This is a library and script for adding space-wasting padding tensor data to safetensors files so that the start of each genuine tensor dictionary entry is block-aligned to a 4k filesystem block. The motivation here is to improve storage performance for block-level deduplication for diffusion models.
Adds 4k block-alignment padding to existing .safetensors files.
# Single file
align_safetensors input/clip_l.safetensors output/clip_l.safetensors # destination filename
align_safetensors input/clip_l.safetensors output/ # destination directory
# Will process subdirectories recursively and preserve the directory structure in the output/ directory.

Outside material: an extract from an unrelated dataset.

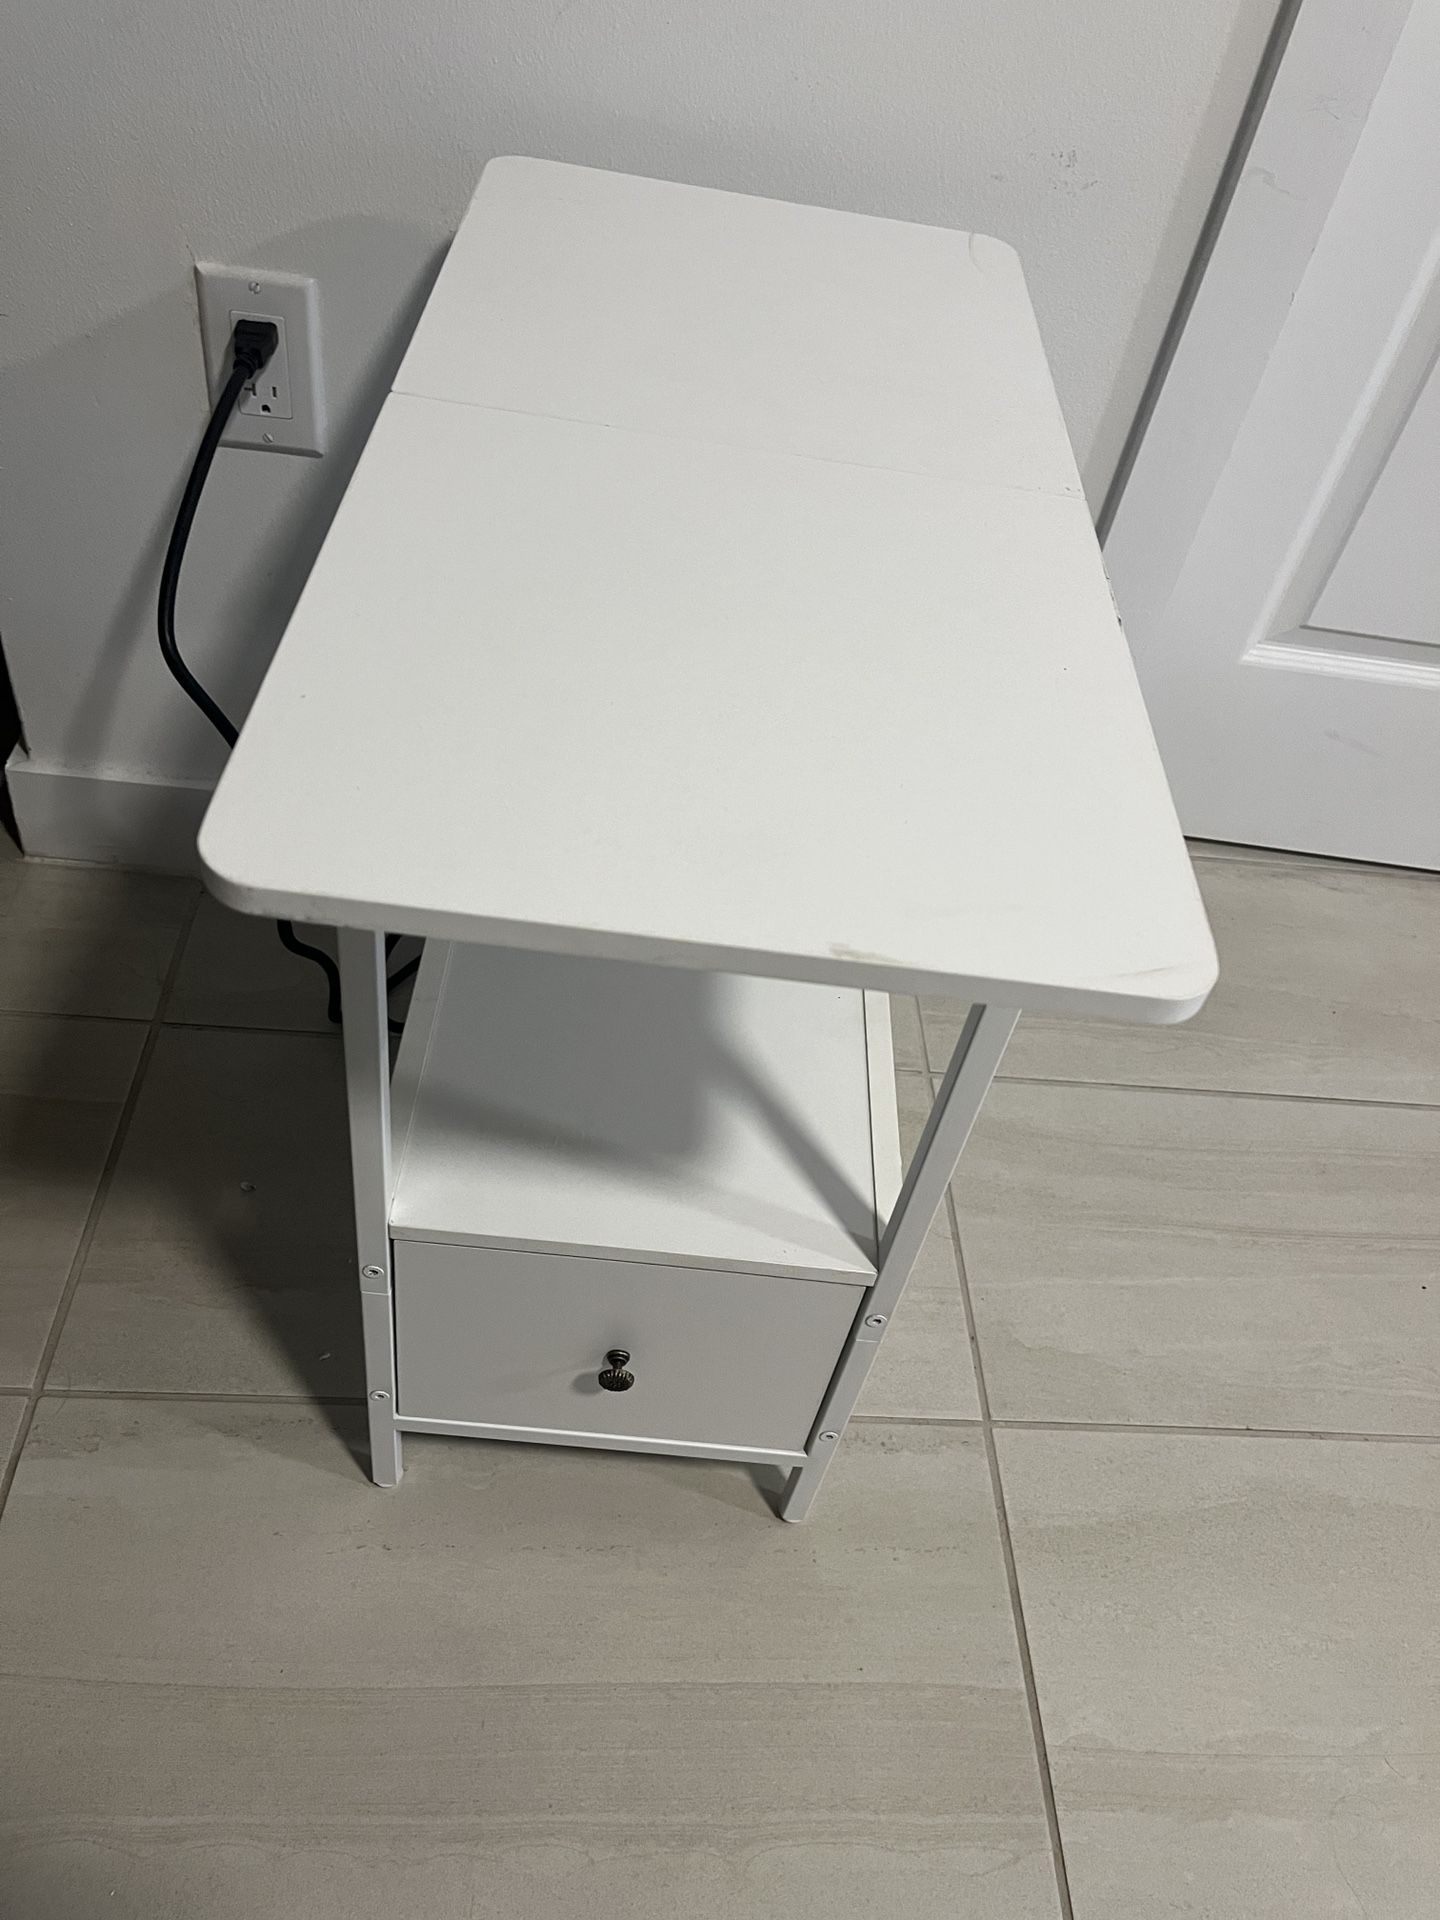 Brand New End Table with Charging Station,USB Ports and Outlets,Nightstand for Small

align_safetensors input/ output/ # destination must be a directory
# By default will not overwrite existing files
align_safetensors input/ output/ --overwriteThe input can be either a single file or a directory tree. If the input is a directory, the output path must also be a directory, and the tool will recursively process all .safetensors files while preserving the directory structure.
Converts PyTorch checkpoint formats (.pt, .pth, .ckpt, .bin) to block-aligned .safetensors files. Has the same argument structure as align_safetensors.
Note: This tool is incomplete and may not support textual inversions or pickled objects that aren't torch.Tensor instances.
I am cowardly refusing to process input files unless you acknowledge the security risks of loading pickled PyTorch files by providing the --yeah-yeah flag.
When Python loads pickled files, it may execute arbitrary code. This is inherently unsafe and you should only process them inside a safe environment (like a container) unless you completely trust the source.